Time to get serious about the Campaign for the Single Market
The Conservatives are currently making a complete mess of their Brexit negotiations. Theresa May has said that “no deal is better than a bad deal” and unfortunately those seem to be the only options she is offering us.
I campaigned hard for a remain vote during the EU referendum because I believe EU membership brings significant benefits in terms of workplace protections, co-ordinated action on climate change, the right to free movement of people, geopolitical stability, cultural exchange and so much more.

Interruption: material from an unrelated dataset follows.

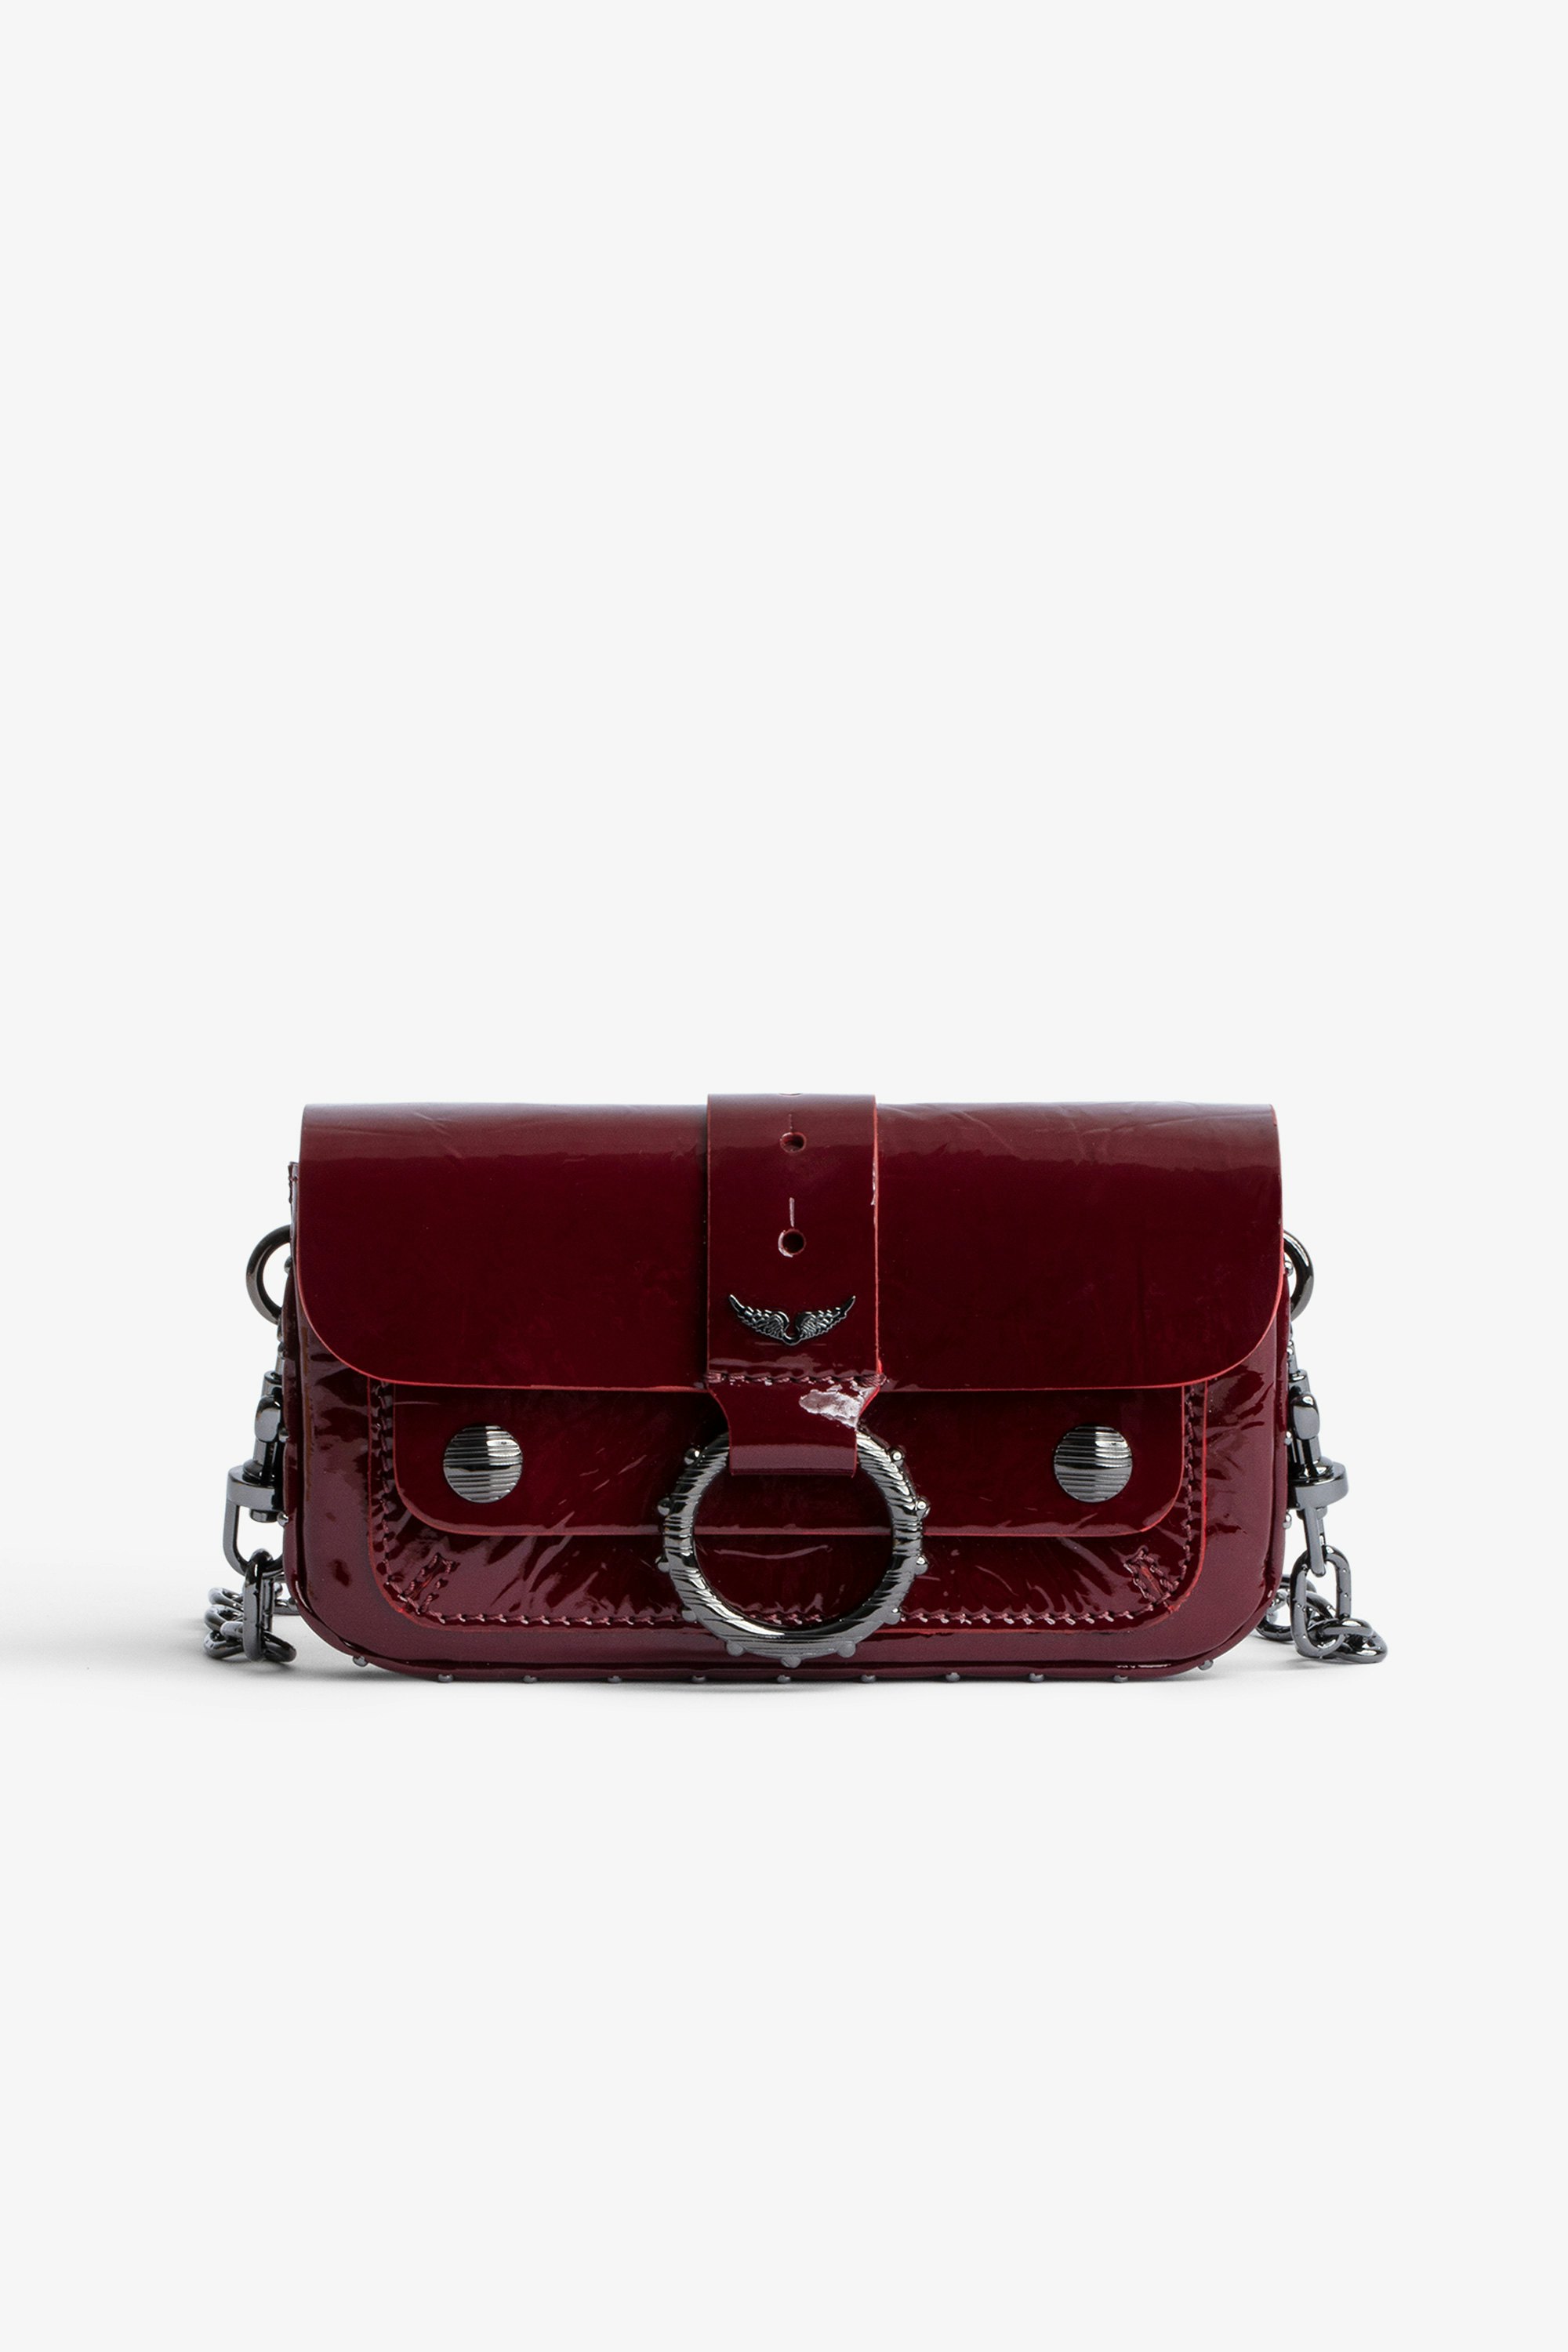 Kate Wallet Wrinkle Bag Burgundy patent leather bag with shoulder strap and flap

Perhaps the single most important part of being in the EU is the massive boost it provides to our economy: the cost of leaving the EU without a trade deal has been estimated to be as high as £45billion a year. Labour’s 2017 anti-austerity manifesto promised to stop the privatisation of the NHS, to nationalise key utilities such as water, to properly fund our school system and to improve workplace protections. If we want to be able to invest in the UK we can’t afford the multi-billion pound loss to the public finances that leaving without a trade deal would bring, meaning even less money for those already struggling schools and hospitals. This is why we must now campaign to remain in the Single Market.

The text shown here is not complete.